Oracle international corporation (20240126756). ONE-HOT ENCODER USING LAZY EVALUATION OF RELATIONAL STATEMENTS simplified abstract

From WikiPatents
Jump to navigation Jump to search

ONE-HOT ENCODER USING LAZY EVALUATION OF RELATIONAL STATEMENTS

Organization Name

oracle international corporation

Inventor(s)

FELIX Schmidt of Baden-Dattwil (CH)

MATTEO Casserini of Zurich (CH)

MILOS Vasic of Zurich (CH)

MARIJA Nikolic of Zurich (CH)

ONE-HOT ENCODER USING LAZY EVALUATION OF RELATIONAL STATEMENTS - A simplified explanation of the abstract

This abstract first appeared for US patent application 20240126756 titled 'ONE-HOT ENCODER USING LAZY EVALUATION OF RELATIONAL STATEMENTS

Simplified Explanation

The abstract describes a method and storage media for training and implementing a one-hot encoder. During the training phase, an encoder state is computed by extracting unique categories from a training data set, associating each category with a unique index, and generating a one-hot encoding for each category. The set of relational statements is executed by a query optimization engine, with optimizations implemented as needed.
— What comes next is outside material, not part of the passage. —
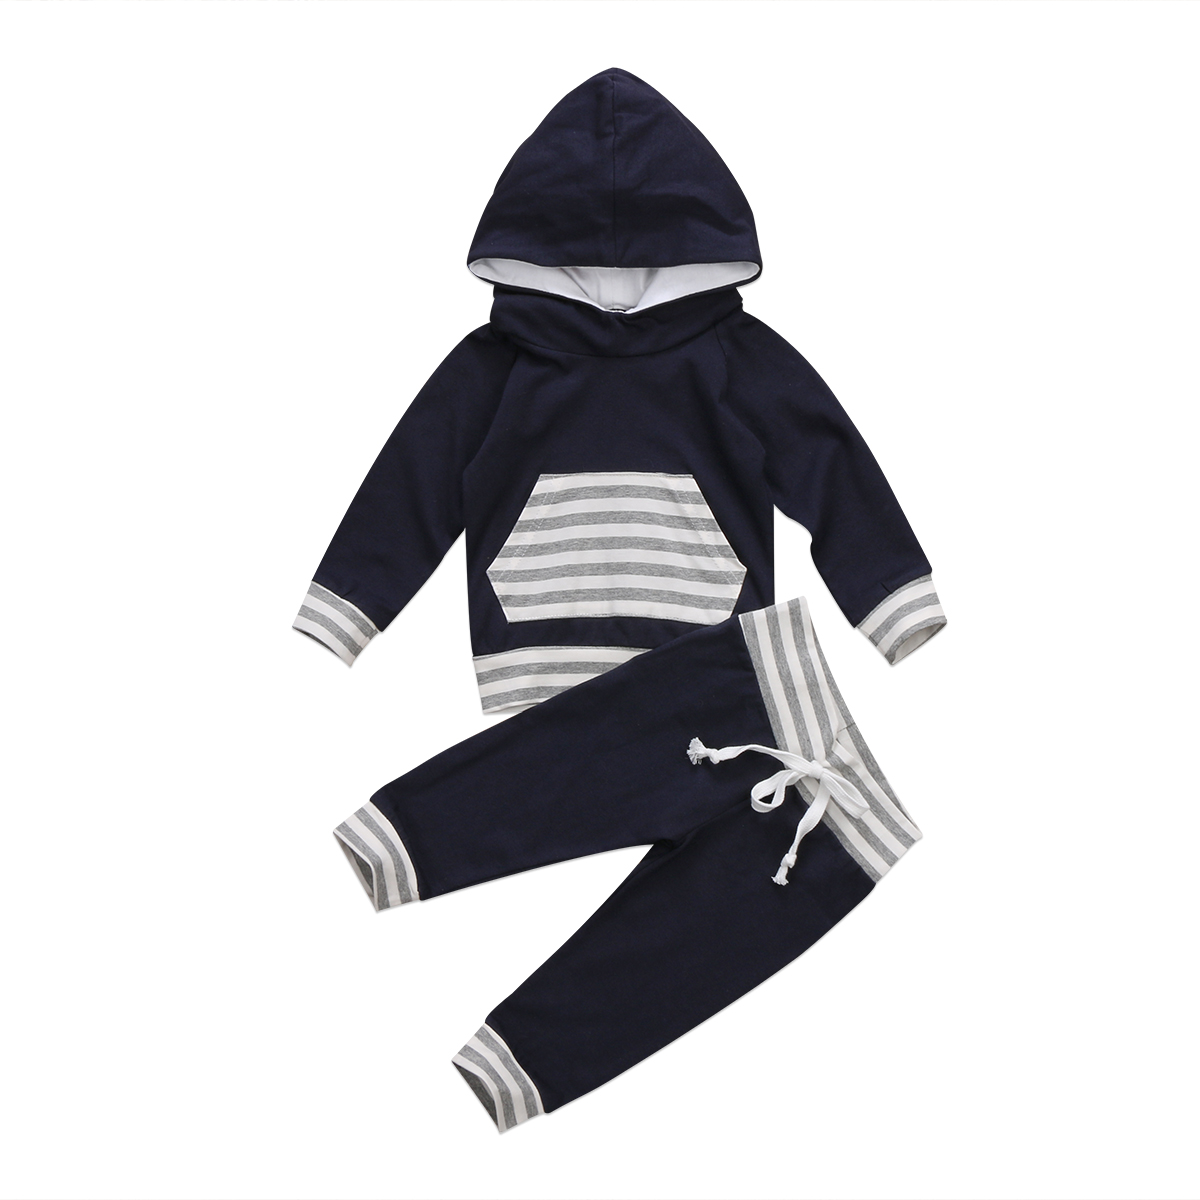 2pcs!!Autumn Toddler Infant Baby Boys Clothes Set Cotton Hooded Tops T-shirt Pants Leggings Outfits Set Clothes

In the encoding phase, categorical features in a second training data set are encoded based on the encoder state to form encoded categorical features.

  • During training, unique categories are extracted from a data set and associated with unique indices.
  • One-hot encodings are generated for each unique category.
  • Relational statements are executed by a query optimization engine, with optimizations applied as needed.
  • Encoded categorical features are generated based on the encoder state during the encoding phase.

Potential Applications

The technology can be applied in various fields such as machine learning, data analysis, and natural language processing.

Problems Solved

This technology solves the problem of efficiently encoding categorical features for machine learning models.

Benefits

The benefits of this technology include improved efficiency in encoding categorical features, leading to better performance in machine learning tasks.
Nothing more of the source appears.